La commissaire à l’éthique se saisira du dossier

Les vacances familiales et le voyage en hélicoptère privé de Justin Trudeau dans l’île privée de l’Aga Khan respectent-ils la Loi fédérale sur les conflits d’intérêts ? La commissaire fédérale à l’éthique Mary Dawson a confirmé hier qu’elle se penchera sur la question, après avoir reçu une demande d’un député conservateur. La Presse a posé la question à deux experts en droit.

La loi

L’article 11 de la loi fédérale interdit de façon générale à un ministre d’accepter un cadeau pouvant « raisonnablement donner à penser qu’il a été donné pour [l’]influencer », mais il permet à un élu d’accepter un cadeau d’un ami. L’article 12 interdit à un ministre de voyager à bord d’avions privés « pour quelque raison que ce soit », sauf « circonstances exceptionnelles ». Le premier ministre Trudeau fait valoir que l’Aga Khan est un ami de la famille et que son hélicoptère privé est la seule façon de se rendre dans l’île.

Non

Que décidera la commissaire fédérale à l’éthique ? Le professeur de droit Patrick Taillon croit que le cadeau, notamment le voyage d’hélicoptère, ne respecte pas la loi fédérale. À son avis, le fait que la fondation de l’Aga Khan soit inscrite au registre fédéral des lobbyistes démontre, amitié ou non, que le cadeau n’est pas désintéressé au sens de la loi. L’article 12 fait aussi une référence spécifique aux voyages en avion. « La commissaire n’a pas une grande marge d’appréciation », affirme M. Taillon, qui enseigne le droit à l’Université Laval.

Pas de réponse évidente

Le professeur de droit de l’Université d’Ottawa Charles-Maxime Panaccio estime qu’il n’y a pas de « réponse évidente » dans le cas des vacances de M. Trudeau. « Sur la question des principes, qu’un ami paie le transport pour se rendre chez lui peut se défendre, dit-il. Mais l’article 12, qui semble strict, ne considère pas le lien d’amitié pour justifier un vol privé payé par un ami. Cet article avait été adopté après que des ministres [notamment Paul Martin] avaient voyagé à bord d’avions privés. »

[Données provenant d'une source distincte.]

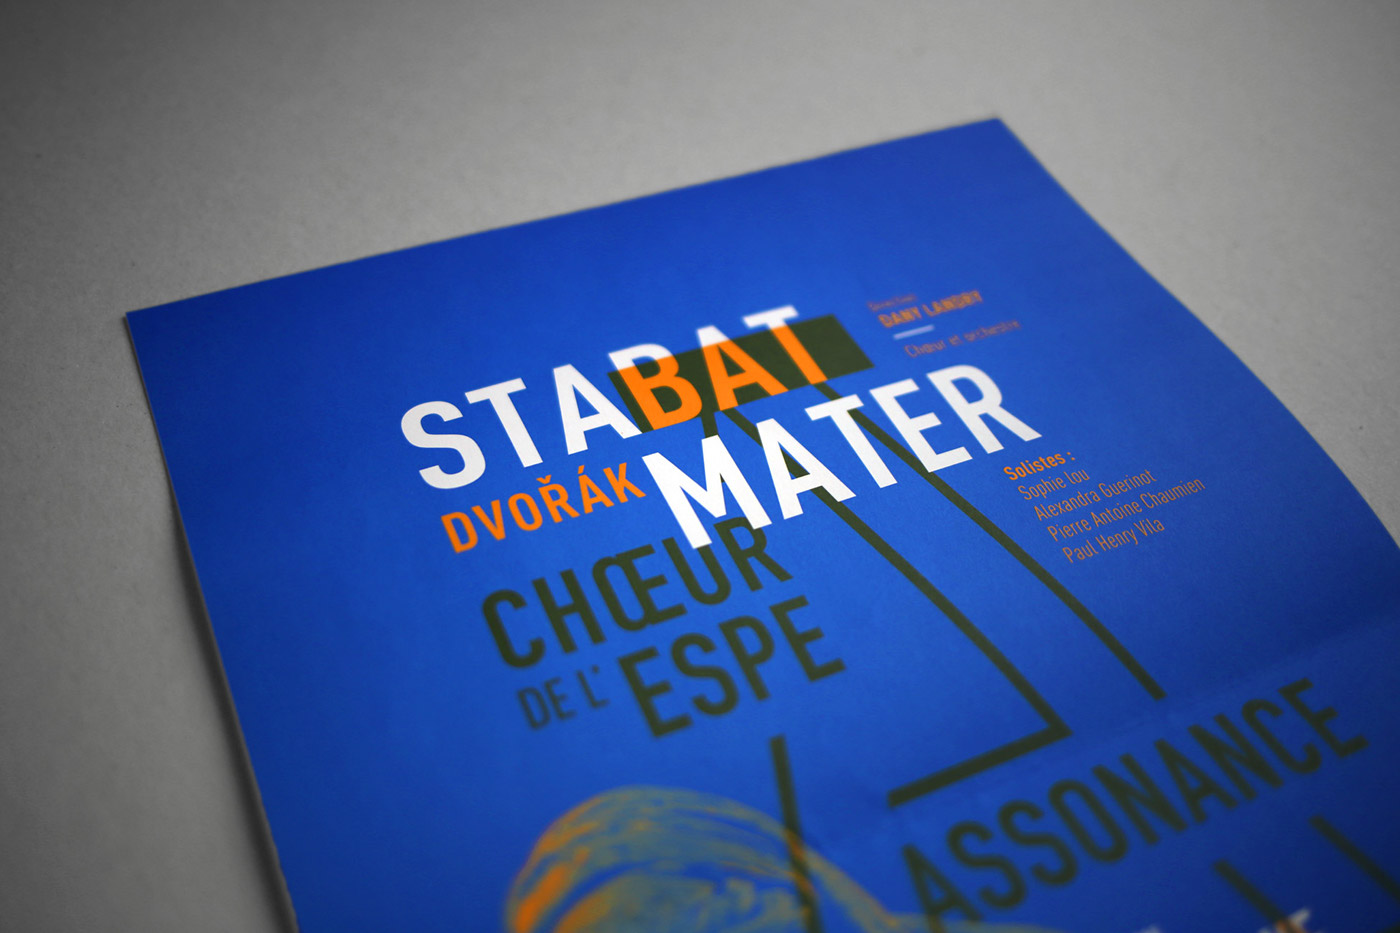 poster affiche stabat mater Classical Musique Musical classique choeur choir
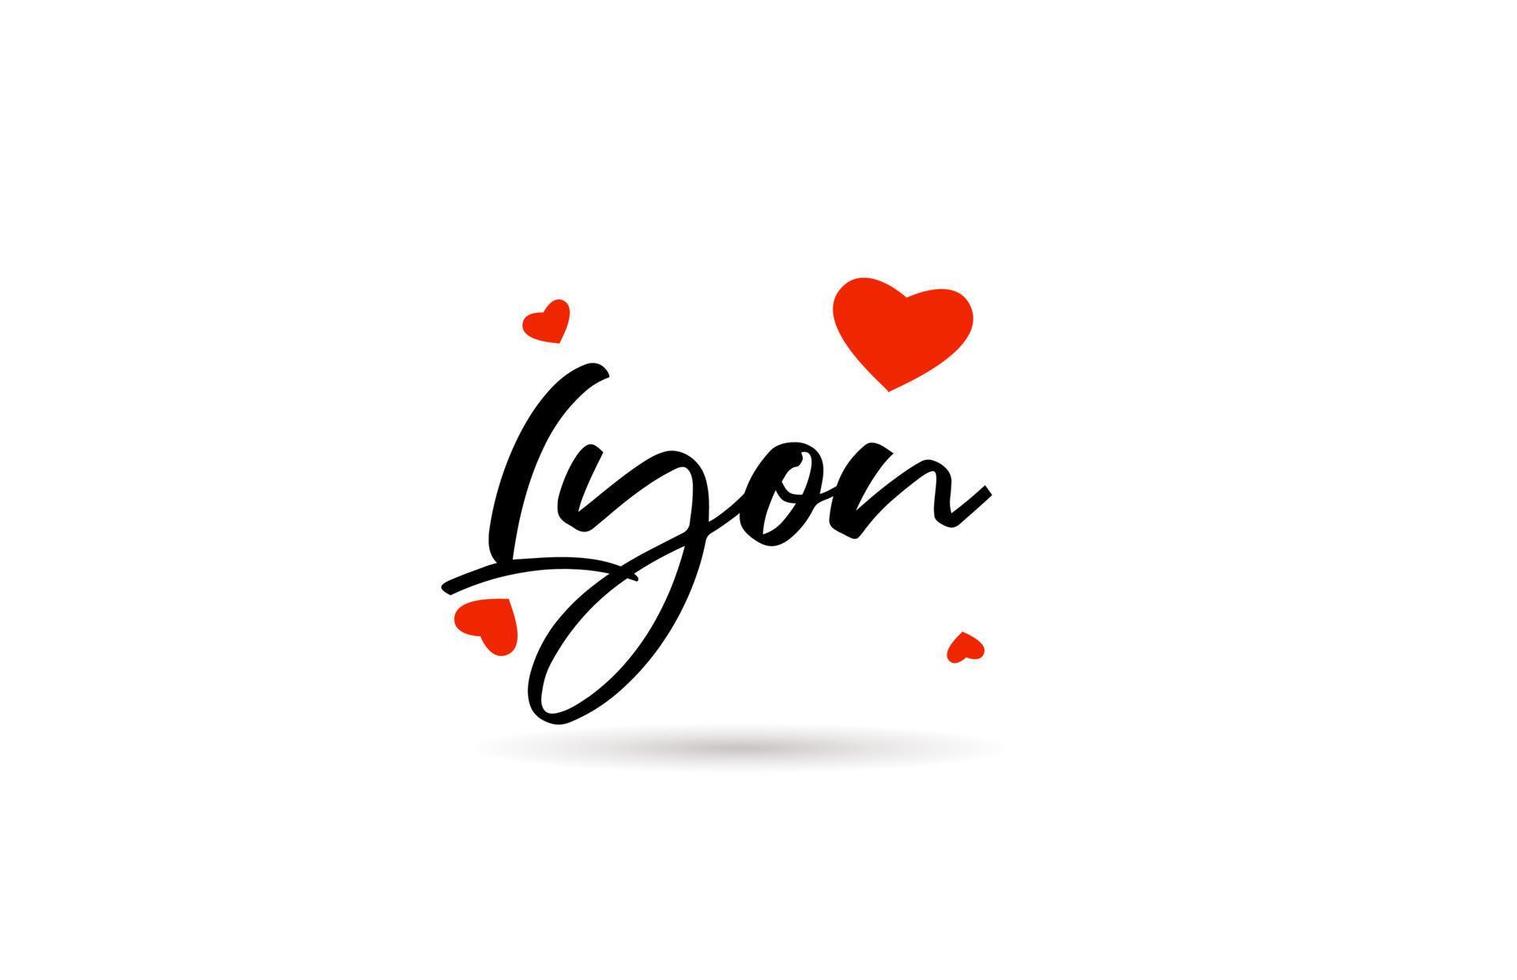 Lyon handwritten city typography text with love heart vector

« Manque de jugement », dit Deltell

Les conservateurs estiment que cette affaire démontre un « manque flagrant de jugement ». « Il a droit à des vacances privées en famille, on ne l’empêchera jamais de voir ses amis, mais il faut le faire à visage découvert. Dans le doute, on consulte [la commissaire] ou on s’abstient. Quand il y a des situations délicates, qu’on donne l’heure juste et qu’on paye, on n’a pas de problèmes. Il n’a pas découvert [l’hélicoptère privé] en débarquant de l’avion. On s’attend à un remboursement [pour l’hélicoptère] », a indiqué le député conservateur Gérard Deltell, qui précise que le bureau du premier ministre n’a pas été transparent dès le départ dans ce dossier.